Last month Scott Pruitt, a climate science-denying lawyer who repeatedly sued the EPA before being appointed by Donald Trump to run it, issued an “indefinite stay” on water pollution regulations introduced in 2015.

These required coal power stations to cut the amount of toxic waste they pump from their plants into rivers and other waterways used for drinking water.

In the lawsuit, the environment groups said: “Power plants are by far the largest source of toxic water pollution in the United States.

“When finalising the Effluent Limitation Guidelines … in 2015, EPA found that power plants generate more toxic wastewater than the next two-largest polluting industries combined.

“Power plant wastewater contains toxic metals such as mercury, arsenic, and selenium, as well as non-conventional pollutants such as nitrogen and dissolved solids that contaminate drinking water and harm ecosystems.”

It quoted research which found such pollutants could cause “severe health and environmental problems in the form of cancer and non-cancer risks in humans, lowered IQ among children, and deformities and reproductive harm in fish and wildlife”.

Pollution from power plants was found to make the water in more than 4,000 miles of rivers unsafe to drink; a further 6,000 miles of rivers were deemed unsafe for children to go fishing on.

The lawsuit quoted the EPA itself in explaining why the new restrictions, which companies would have been required to adhere to by 2023 at the latest, were required.

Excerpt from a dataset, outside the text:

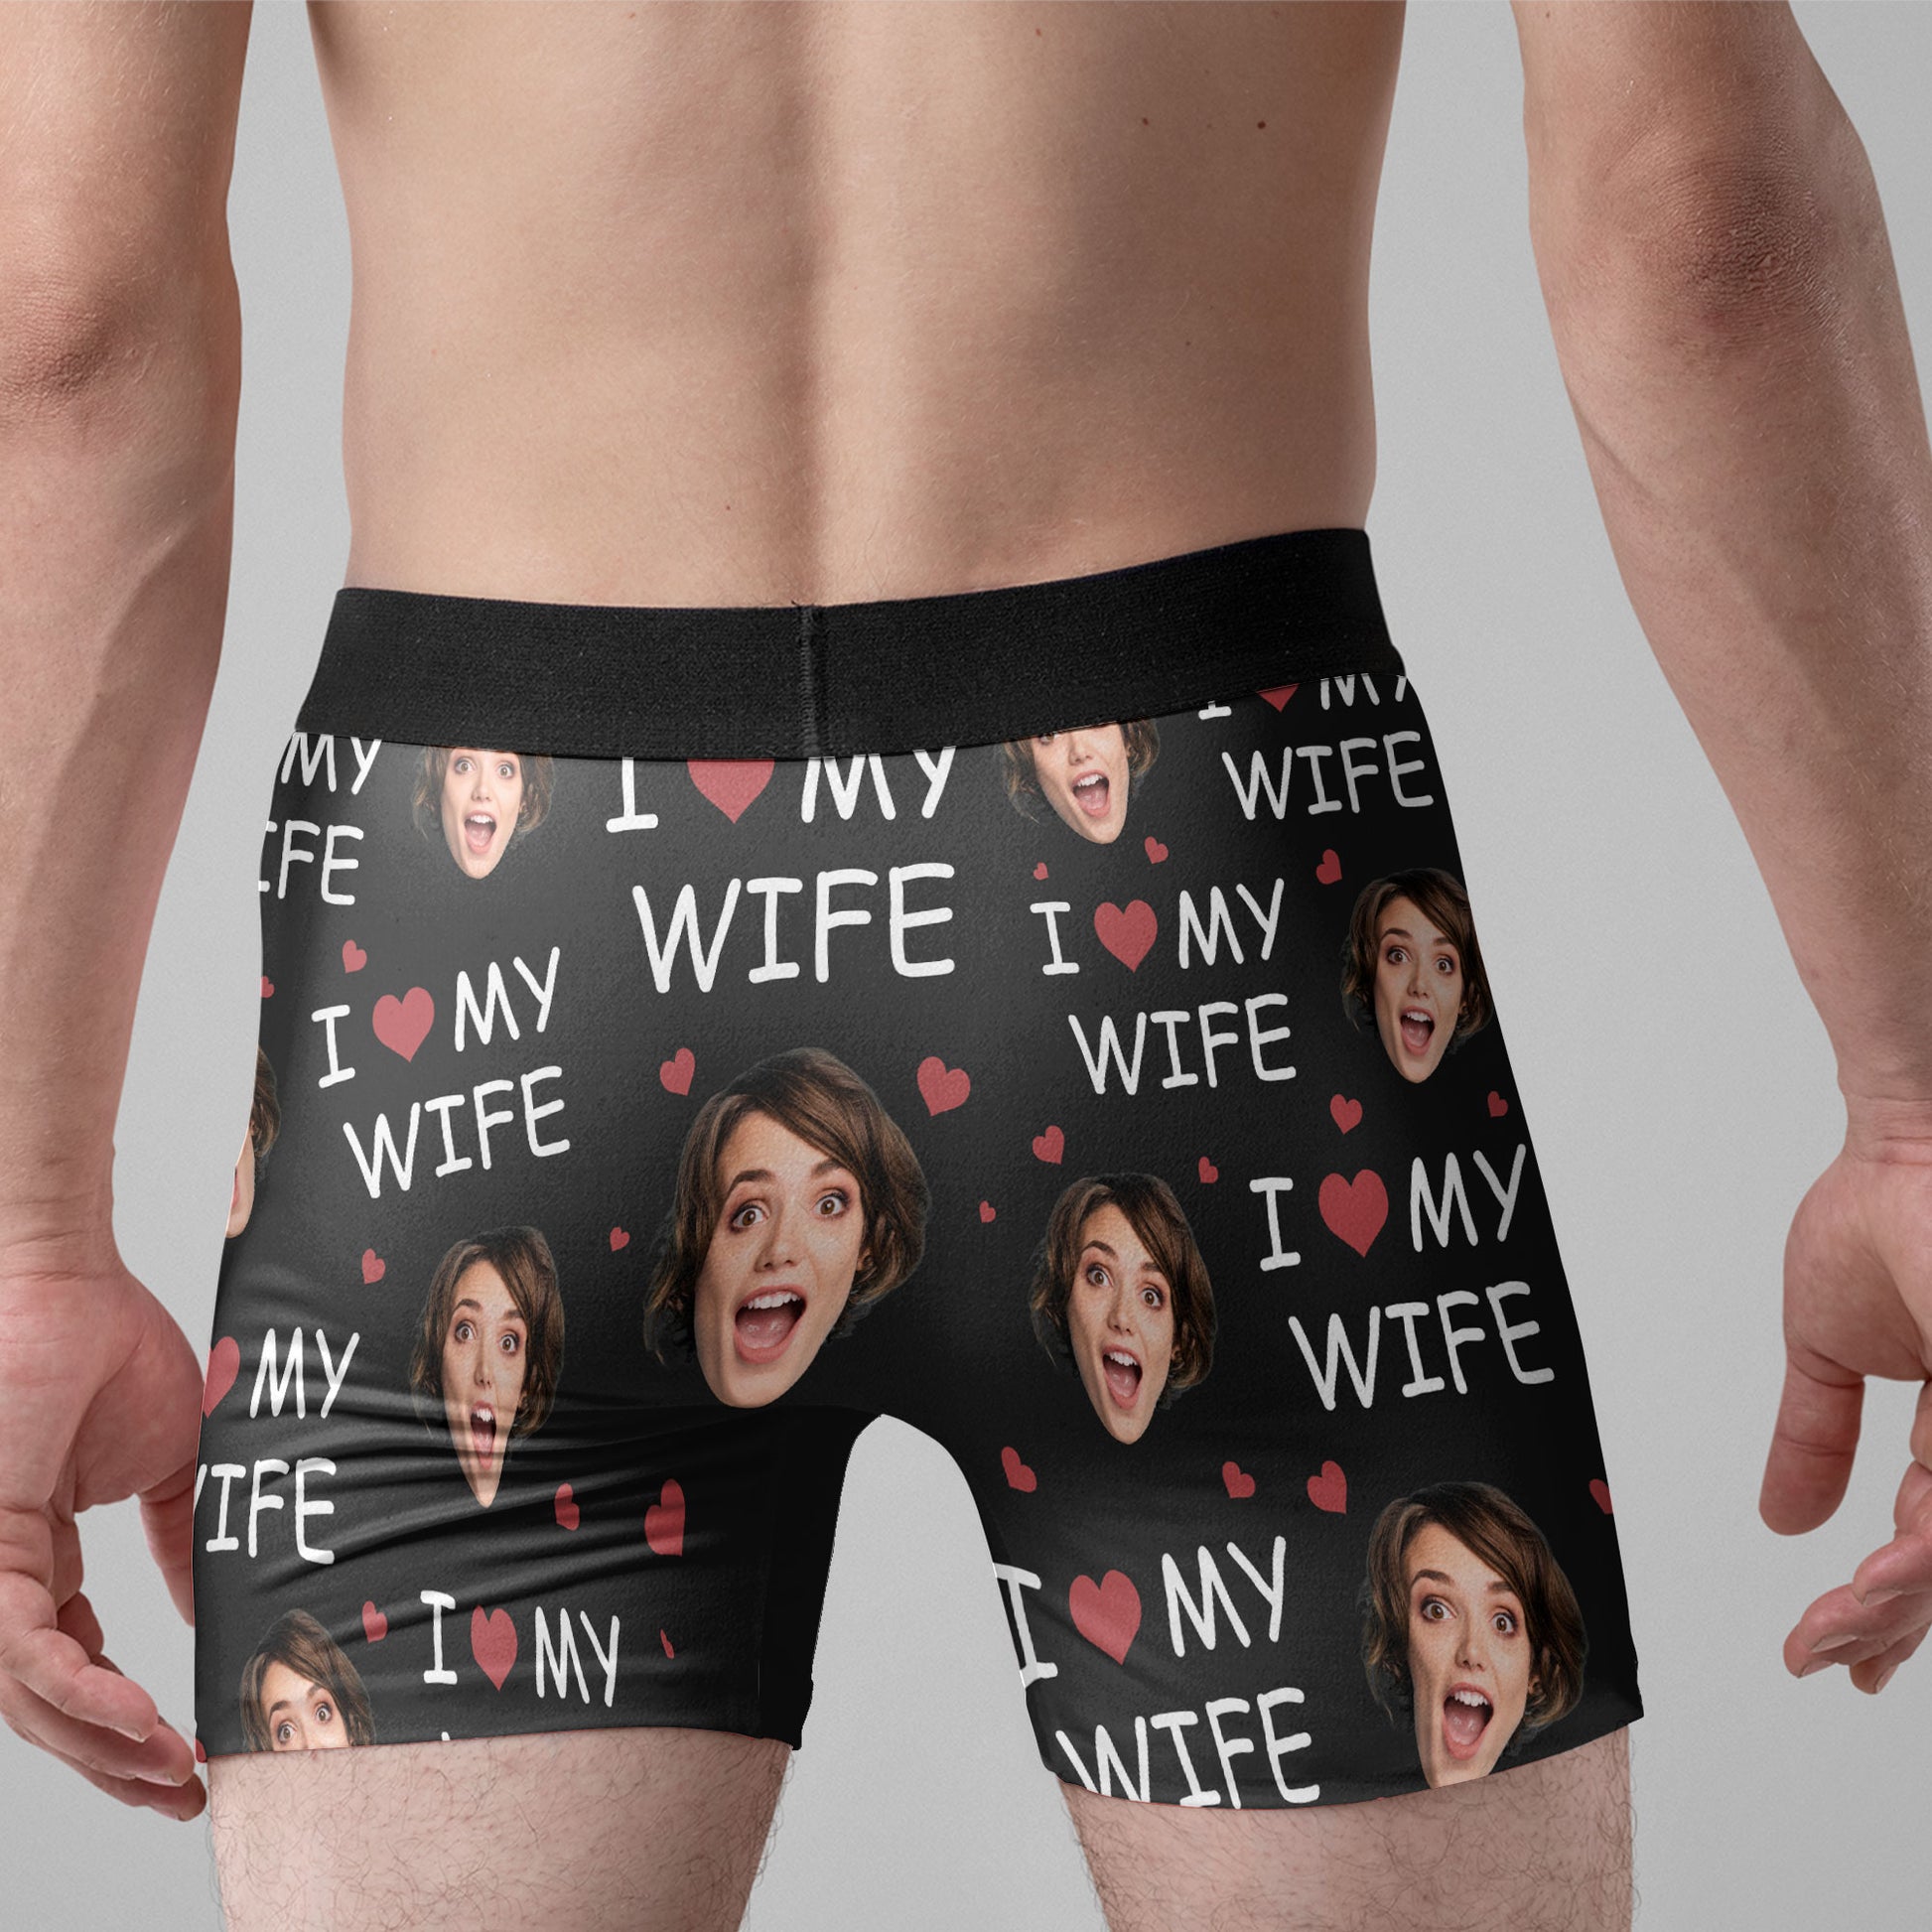 (Photo Inserted) I Love My Wife - Personalized Men's Boxer Briefs - Valentine's Day, Loving, Birthday Gift For Boyfriend, Husband, Life Partners

“EPA estimates that roughly 30 million people are exposed to fish contaminated by power plant wastewater, including over three million young children exposed to lead and over 400,000 infants exposed to mercury in utero,” it added.

Mary Anne Hitt, director of Sierra Club’s Beyond Coal campaign, said the legal action was a “firm declaration that we will not stand idly by as Trump’s Administration tries to steer America back to an era where rivers caught on fire and polluters dumped their waste into our waterways with impunity”.

“With the drinking water of millions of Americans at stake, we will fight tooth-and-nail to protect safeguards that restrict coal plants from dumping toxic heavy metals into our drinking water supplies and putting thousands of families at risk of poisoning each year,” she said.

“Though these irrational attacks against basic science and public health are horrifying, we are confident that common sense will win the day and the American people will prevail over polluter greed in the courts and in the streets.”

The lawsuit urged the court to issue an order overturning the indefinite stay and compel the EPA to reinstate all the Effluent Limitation Guidelines.

Pete Harrison, an attorney for Waterkeeper Alliance, said: “These standards would have tackled the biggest source of toxic water pollution in the country, and now the Trump EPA is trying to toss them out. It’s indefensible.

“The EPA didn’t even pretend to seek public input before ploughing ahead with this rollback that could allow millions of pounds of preventable toxic pollution to go into our water.”